Once we've read, marked, and inwardly digested the documentation, we can start working on our program to download the mail:

use WWW::Yahoo::Groups;
my $scraper = WWW::Yahoo::Groups->new();
$scraper->login($username => $password);
$scraper->list("p5ml");

Now we have logged in, all being well, and selected our group. We're ready to see what mail is available to be downloaded. WWW::Yahoo::Groups gives us functions to tell us the first message in the archive and the last one.

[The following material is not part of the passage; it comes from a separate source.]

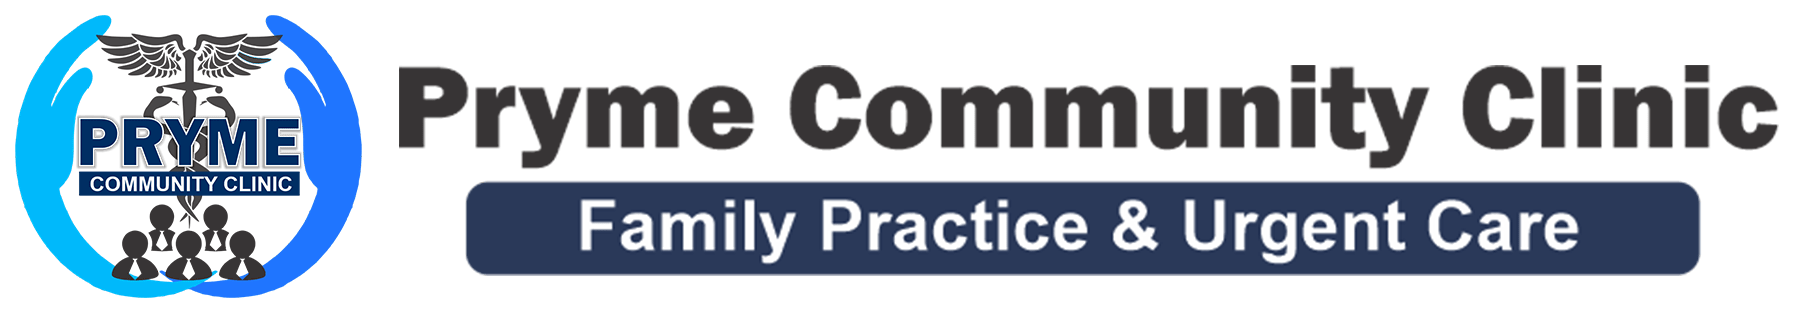 Pryme Community Clinic full logo

my $lwm = $scraper->first_msg_id();
my $hwm = $scraper->last_msg_id();

These IDs form a sequence internal to Yahoo Groups, and are not actually related to the message ID specified in the e-mail. We could take a simple-minded approach to grabbing all the messages, and simply walk from the low water mark to the high water mark, downloading and storing each message in turn:

open OUT, ">> mail/p5ml" or die $!;
for ($lwm...$hwm) {
    print OUT $scraper->fetch_message($_)."\n";
}

However, there are two problems with this idea. The first is that it's dangerous—any mail arriving due to new posts to the P5ML mailing list will be clobbered by our overzealous output. The second is that it is wasteful—we may already have downloaded many of the messages in the archive. Let's take these problems one at a time.

Storing Mail

The first thing we want is a safe way of storing mail into a mailbox. We'll assume that we're going to be using the UNIX mbox format for the purposes of this article since, well, that's what I use. There are, as I've mentioned in the past, a large number of mail folders handling libraries on CPAN, but we're going to use the simplest one, Email::LocalDelivery.

Its job is to take an e-mail from the "wire," and store it in some kind of file on disk. It's a very simple module with one method: deliver. It takes the e-mail as a plain string, which is quite handy because that's what WWW::Yahoo::Groups gives us. Hence, we can make our code a lot safer by rewriting it like so:

for ($lwm...$hwm) {
    Email::LocalDelivery->deliver($scraper->fetch_message($_),
                                  "~/mail/p5ml");
}

This makes sure we don't overwrite incoming messages, but it doesn't necessarily help us to pull down messages we already have. Of course, for that, we need to know what messages we've already got.

Reading Folders

Again, there is a plethora of modules for dealing with mail folders, but the best one, which does nothing other than split a folder into separate mail messages, is Richard Clamp's Email::Folder:

use Email::Folder;
my $folder = Email::Folder->new("mail/p5ml");

Once we've opened the folder, we can get its messages as individual Email::Simple objects:

my @ids = map { $_->header("Message-ID") } $folder->messages;

Now we know what message IDs we have, but we're going to find it much more convenient to have that list as a hash rather than an array. Did that immediately jump out at you? Don't worry if it didn't; just like learning the idioms and constructions of the human language, the hash formulation is just one of those things you sense as you become more fluent in Perl.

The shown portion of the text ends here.